申时行再叹,然后轻声问道:“请辞固然容易,即便皇上不允,我等也能挂冠归里。只是,元驭是否想过,我等这一走,朝局将往何方?将来朝堂之上皆实学,我辈辛苦一生,最终却只能如此这般,那百年之后却该如何向后辈学子交待?”
王锡爵一时语塞,申时行又道:“再说,我等这一走固然容易,可那商税不还是要收?国本不还是虚悬?我等回乡之后,又该如何向江南官绅父老交待?”
王锡爵鼻孔里喷出来的气息都热了几分,牙关咬了又咬,好半晌之后,才愤愤地道:“我就是不信,昔日华亭公能造成天下倒拱之势,即使穆庙亲拱如斯,也不得不放高新郑回乡。我料今日之风潮必将更胜昔日,如何就斗不败区区一个高求真!”
“此一时彼一时耳。”申时行摇头道:“华亭公倒拱之时,挟倒严之威,挟言路之利,挟先帝御极未久之便,挟高党尚未成势之优,如此才得以逼退高新郑也。如今之局面却大相径庭,除时行忝居首辅之位外,我等还有何优势可言?
皇上御极已十五年之久,即便太后归政也已数载。这几年中,朝廷收复安南,控扼右蒙,平定南疆,虎视残元,诚可谓威风堂堂,不可一世。然则细细一看,此谁之功业也?此既皇上之功业,亦是高求真之功业!若论威势,我等可能与之相比?”

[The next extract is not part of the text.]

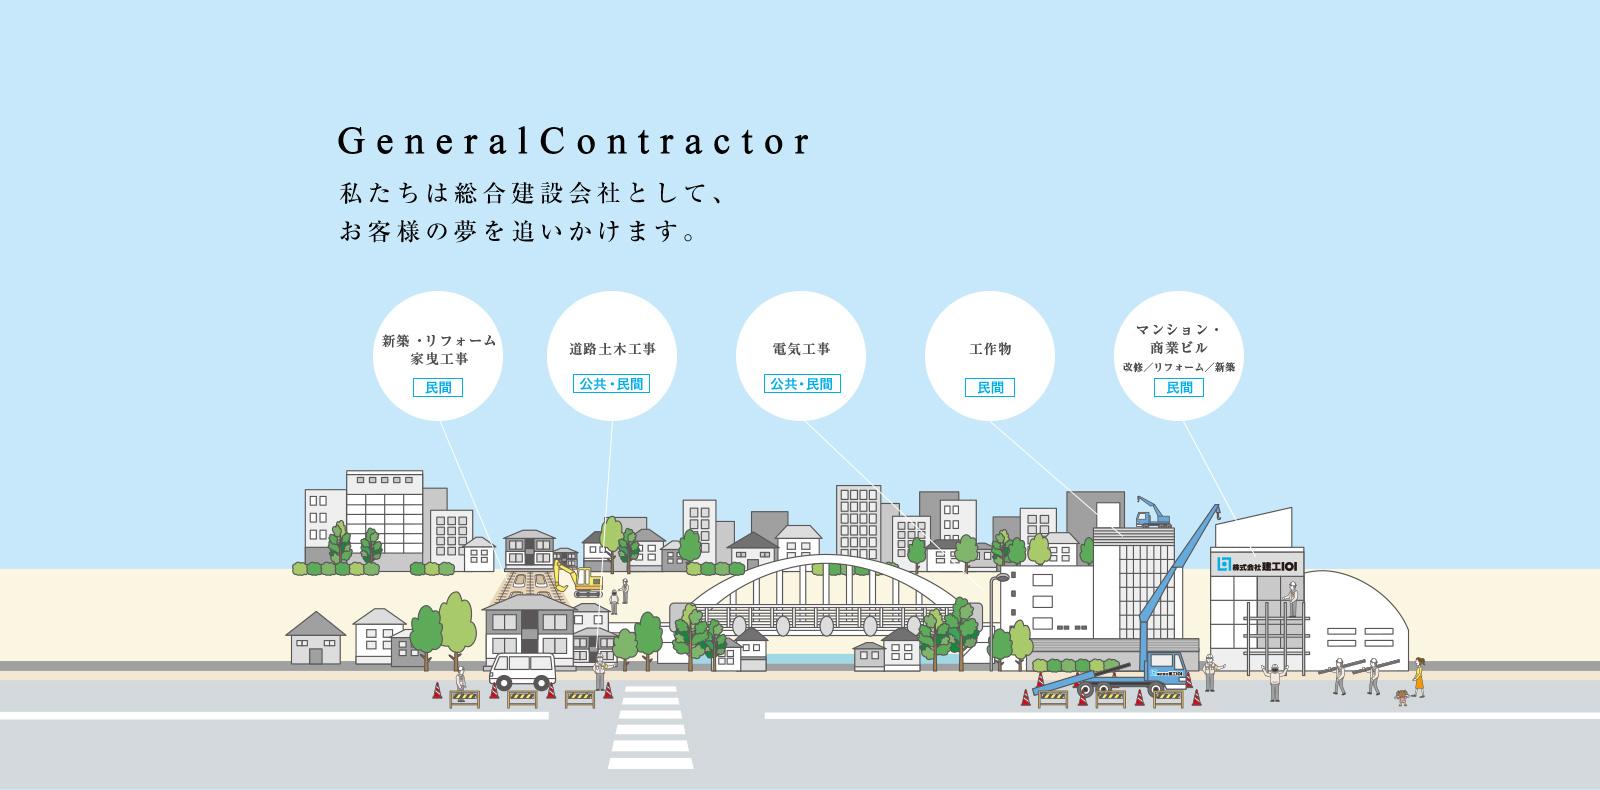 私たちは総合建設会社として、お客様の夢を追いかけます。

申时行摇了摇头,看了看沉着脸不说话的王锡爵,继续道:“再说言路,原本华亭公去位之时,我等在言路之上颇有优势。即便后来高新郑往言路里掺了不少沙子,但这优势我等还能勉强维持,至少左都御史一职始终牢牢掌握在手。
而如今呢?左都御史不得已而易手,都察院之中或许还能倚仗人手略多而勉强维持些许优势,但实学后起之秀逐渐控扼六科,如那萧良有等辈,更是高求真私党。科道之中,我心学一脉已难说还能力压彼等。
至于高党成势,那也不必说了,如今实学一派人数虽不及我,但却占据各处要职,即便在我辈占优的江南各地,他们也安插了不少要员。此人数虽少而作用甚大,另外如海刚峰等,虽自诩君子不党,所作所为却也多偏向实学。唉,我看这风潮虽是易起,却恐难收……”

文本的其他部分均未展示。